More on how a Wald test works here
Why you would choose to use a Wald test instead of a t-test can be found here

So why not just do a t-test on the raw data? You can, but you are not accounting for batch effect, library size, the fact that low count genes have much higher variance than high count genes, ect. all of which can impact the accuracy of your results.

DESeq uses linear modeling (and many other techniques) to try to capture and control for these sources of variation so that your comparisons are as accurate as possible. The majority of these techniques operate over the entire data set, allowing them to harness the power of all of that additional information. Compare that to a t-test which only operates on a very small subset of your data, and you have the basic rationale behind using DESeq2 or similar programs vs just doing a bunch of t-tests.

NOTE: I am by no means an expert in this area, so some of what I have said may be (very) wrong. This just represents my current understanding of things as I am trying to learn what is going on myself.

score 1 · Answer 2 · 2019-06-14

I'm not entirely clear on what you are asking, but I'll take a stab at covering some of the things I think you are inquiring about.

Why can't I just use a "normal" wald or t-test on my data? Why do I have to use some special machinery (like DESeq2)?

There have been a number of methods developed to perform more accurate, powerful, sensitive (pick your favorite adjective) over RNA-seq data. To understand why they were written, you should take some time to read a few of the publications written by the authors of some of the more popular approaches:

DESeq2: Moderated estimation of fold change and dispersion for RNA-seq data with DESeq2
edgeR/QLF: There are many papers to choose from (see the references in the ?glmQLFit help page), but perhaps this one goes into more detail about why they've implemented this approach as opposed to just "doing it the normal way": No counts, no variance: allowing for loss of degrees of freedom when assessing biological variability from RNA-seq data
limma/voom: voom: precision weights unlock linear model analysis tools for RNA-seq read counts

You can also look at the numerous benchmarking papers that test the performance of one method vs the rest to better understand why just doing "the normal" thing won't suffice. Perhaps you might start with this one:

A comparison of methods for differential expression analysis of RNA-seq data

When I perform T-test [in R], I don't need anything except trait observations in two groups ...

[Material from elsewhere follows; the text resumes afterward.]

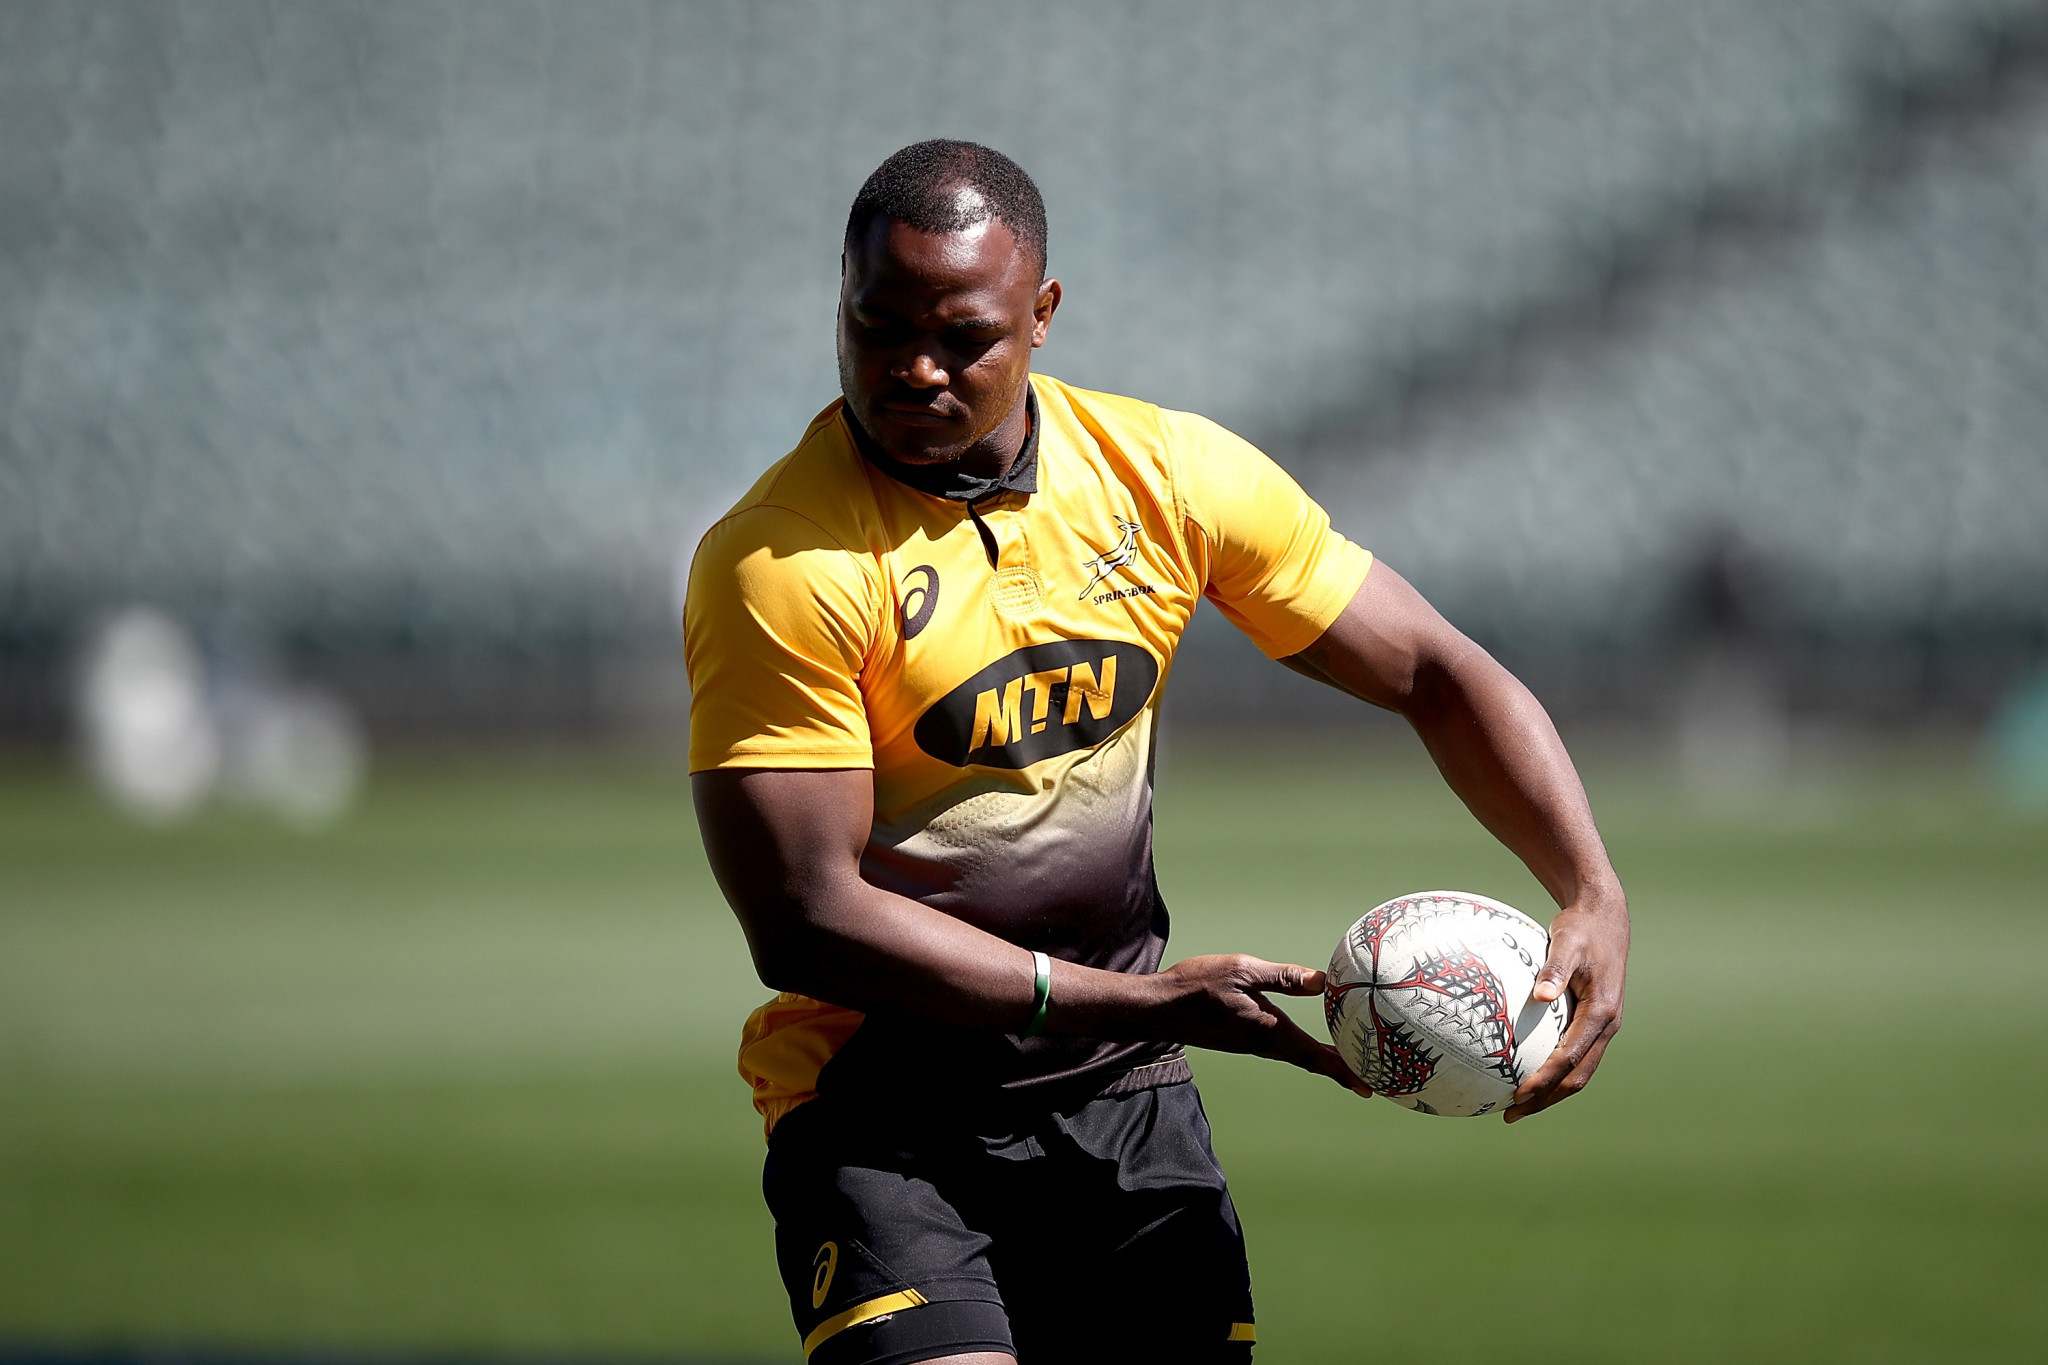 South African rugby player Ralepelle handed eight-year doping ban

Are you asking why you sometimes add more coefficients to your model, or something else? If it's the former: because you want to account for other sources of variability in your data so you have more power to detect DGE over the particular group you are interested in. You can also choose to do the same (ie. not include more covariates/coefficients(?)) in DESeq2 (or similar)-land, if you like, but ...

If that's not what you are asking, perhaps you'll find your answer by reading through some of the publications listed above.